**Supplied data**
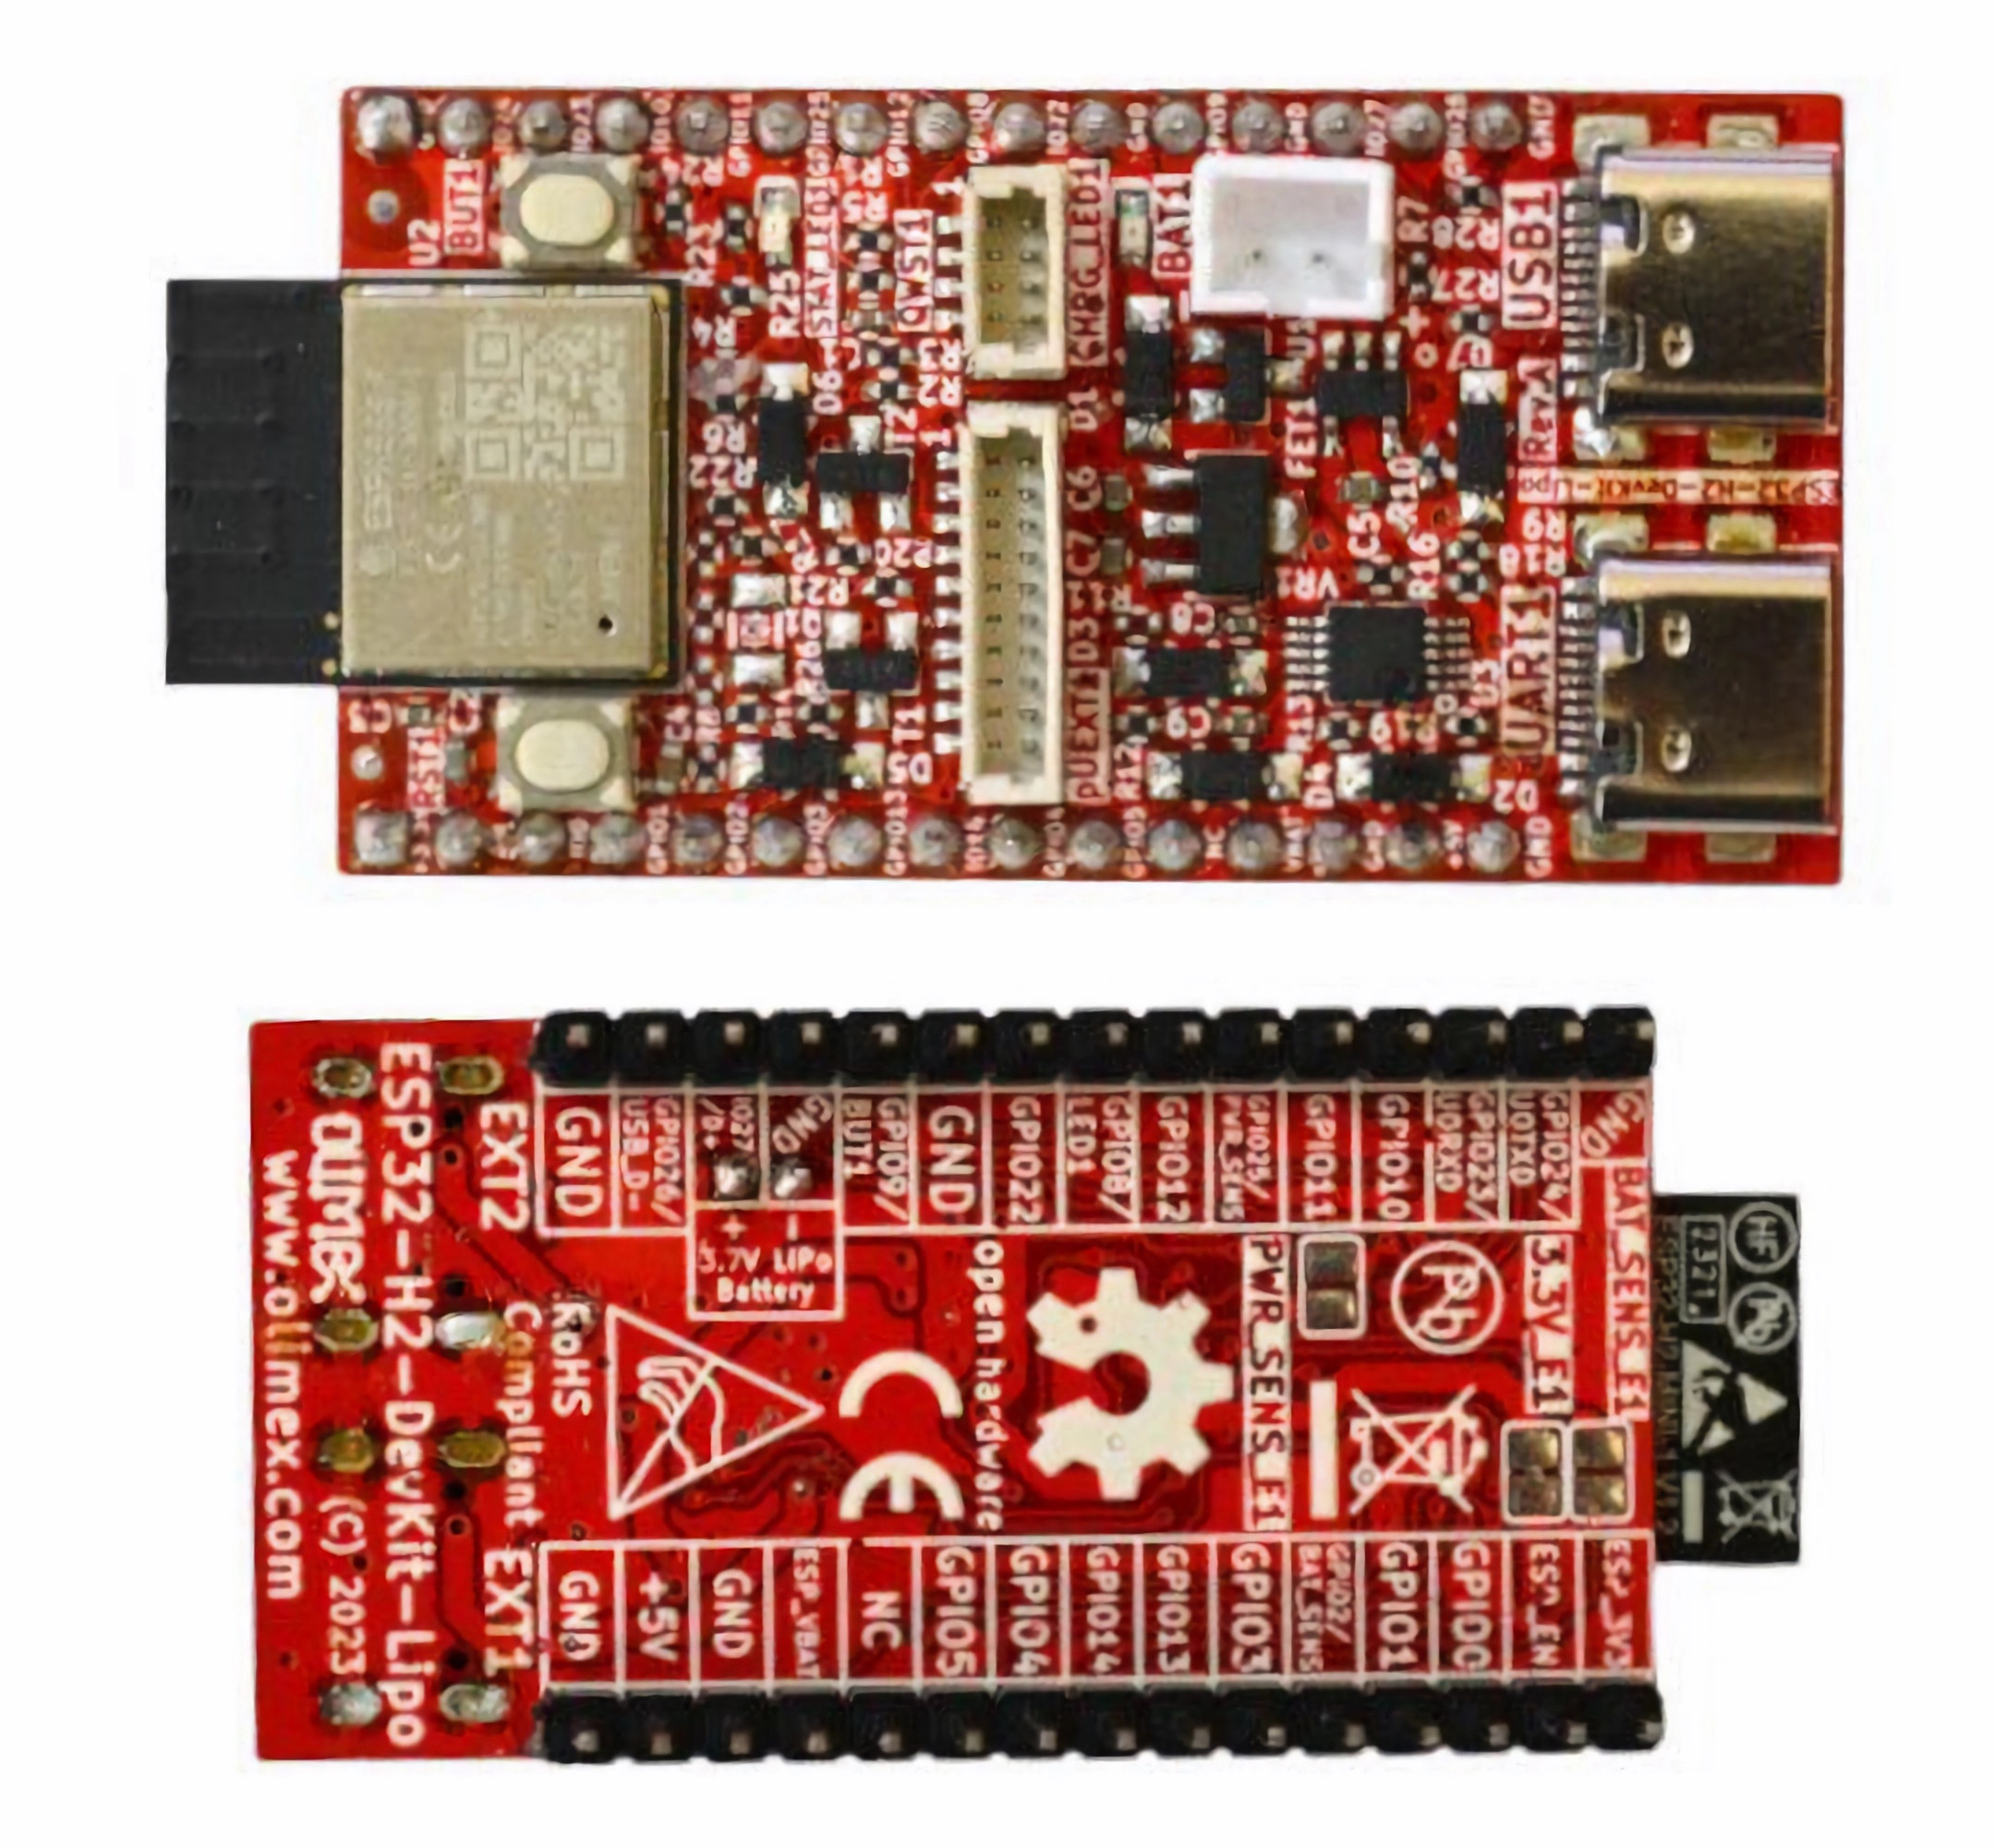 8 Euros ESP32-H2-DevKit-LiPo is an open-source hardware Bluetooth 5 LE and  802.15.4 (Zigbee/Thread/Matter) board - CNX Software
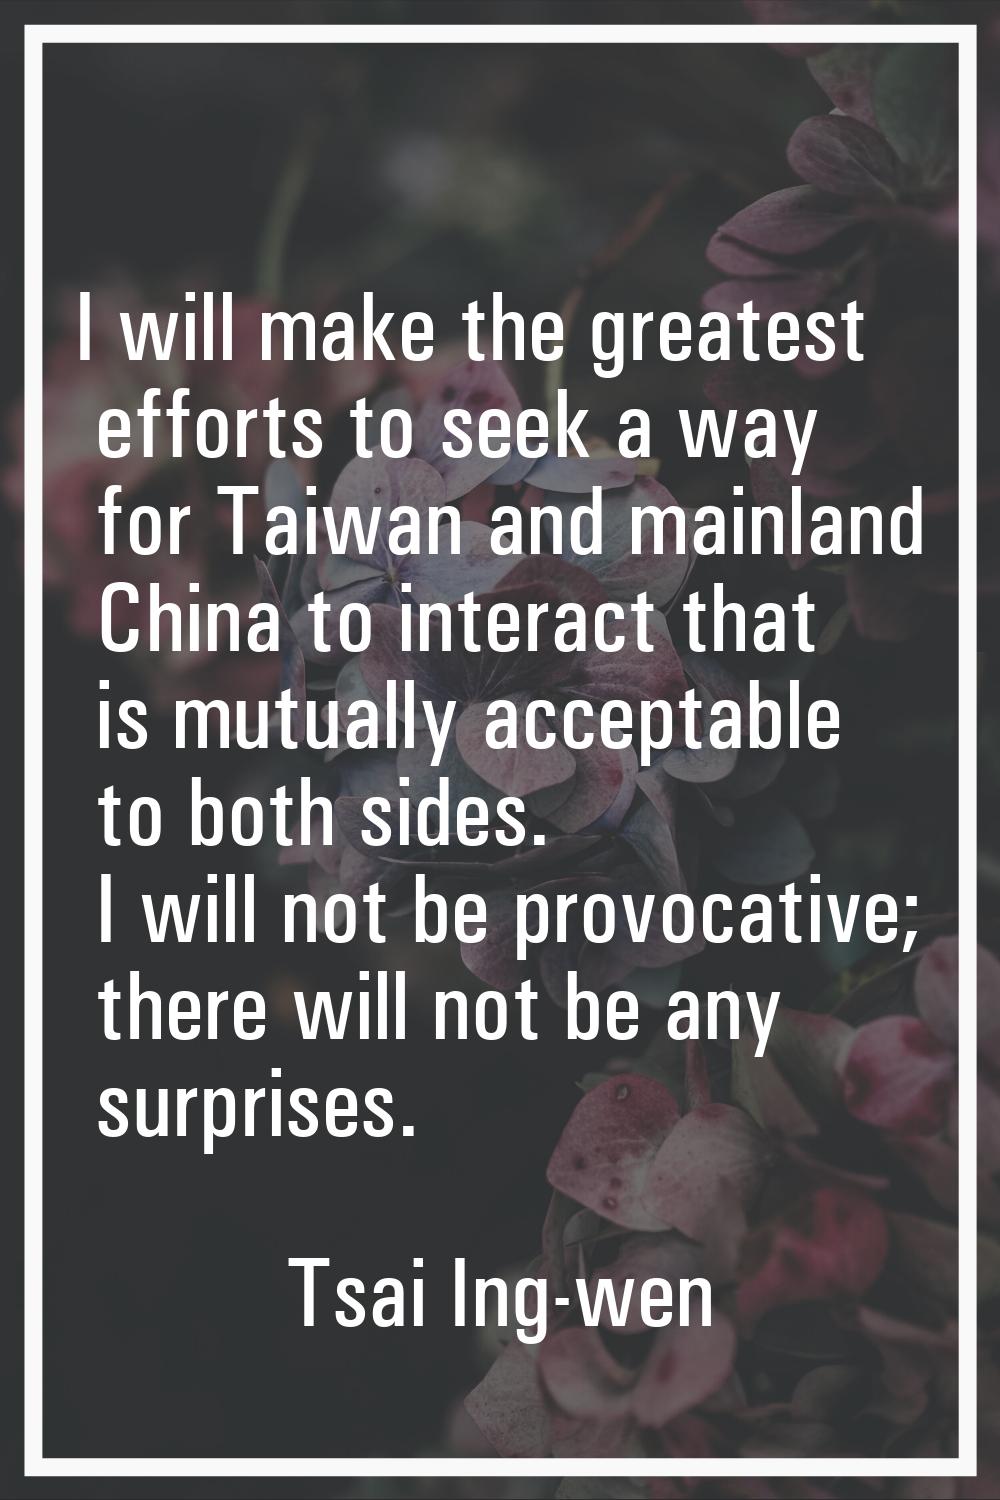 I will make the greatest efforts to seek a way for Taiwan and mainland China to interact that is mu
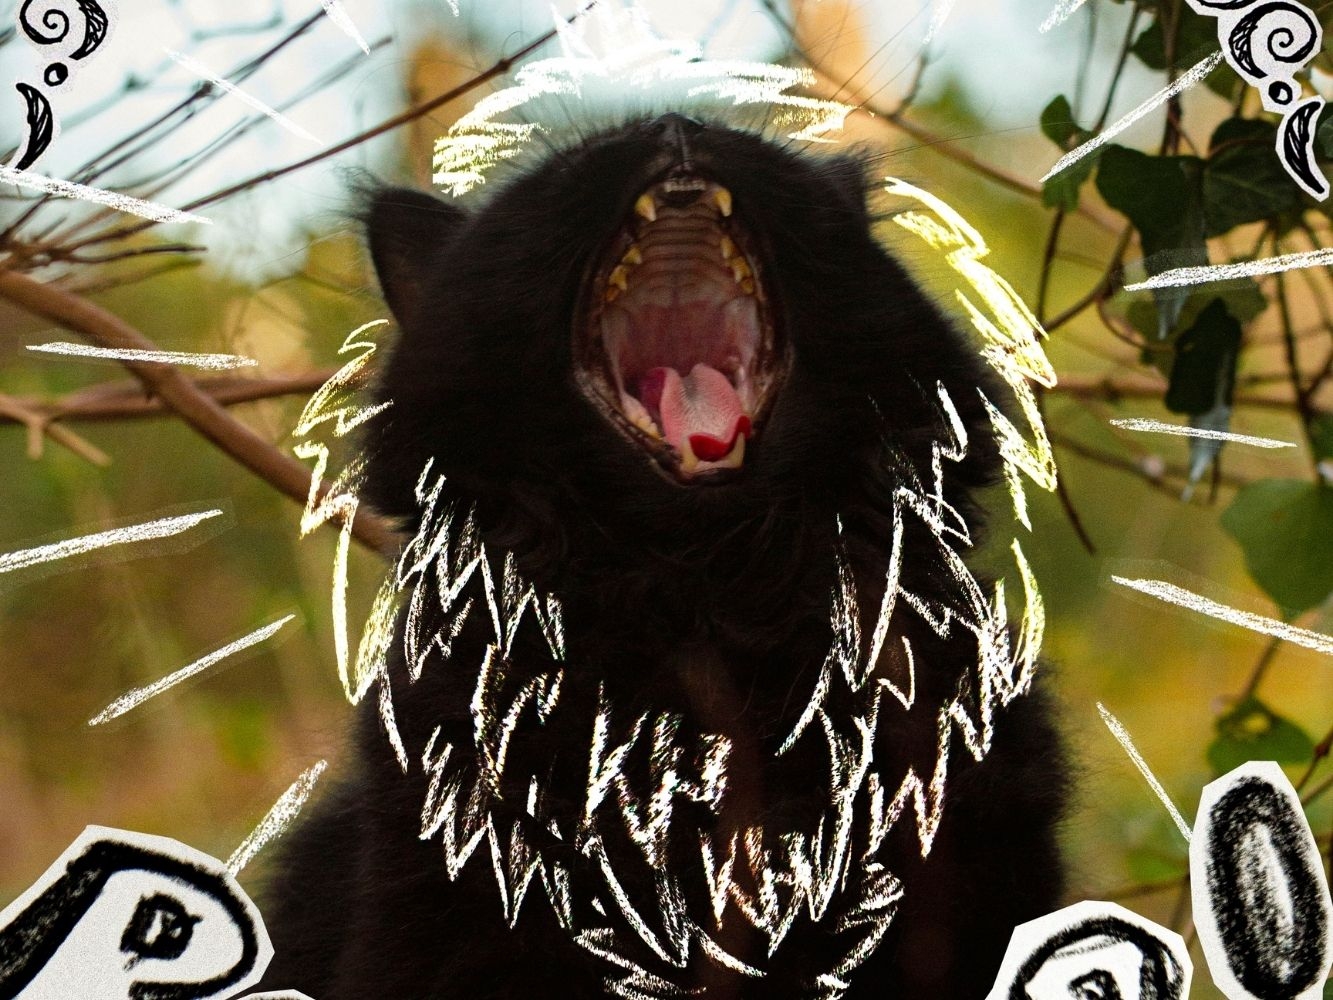 Photograph of a black cat yawning with a lion's mane illustrated over it in white lines

**What the task requires**
Copy the data verbatim, skipping any image it holds.

**Expected answer**
 8 Euros ESP32-H2-DevKit-LiPo is an open-source hardware Bluetooth 5 LE and  802.15.4 (Zigbee/Thread/Matter) board - CNX Software
 I will make the greatest efforts to seek a way for Taiwan and mainland China to interact that is mu
 Photograph of a black cat yawning with a lion's mane illustrated over it in white lines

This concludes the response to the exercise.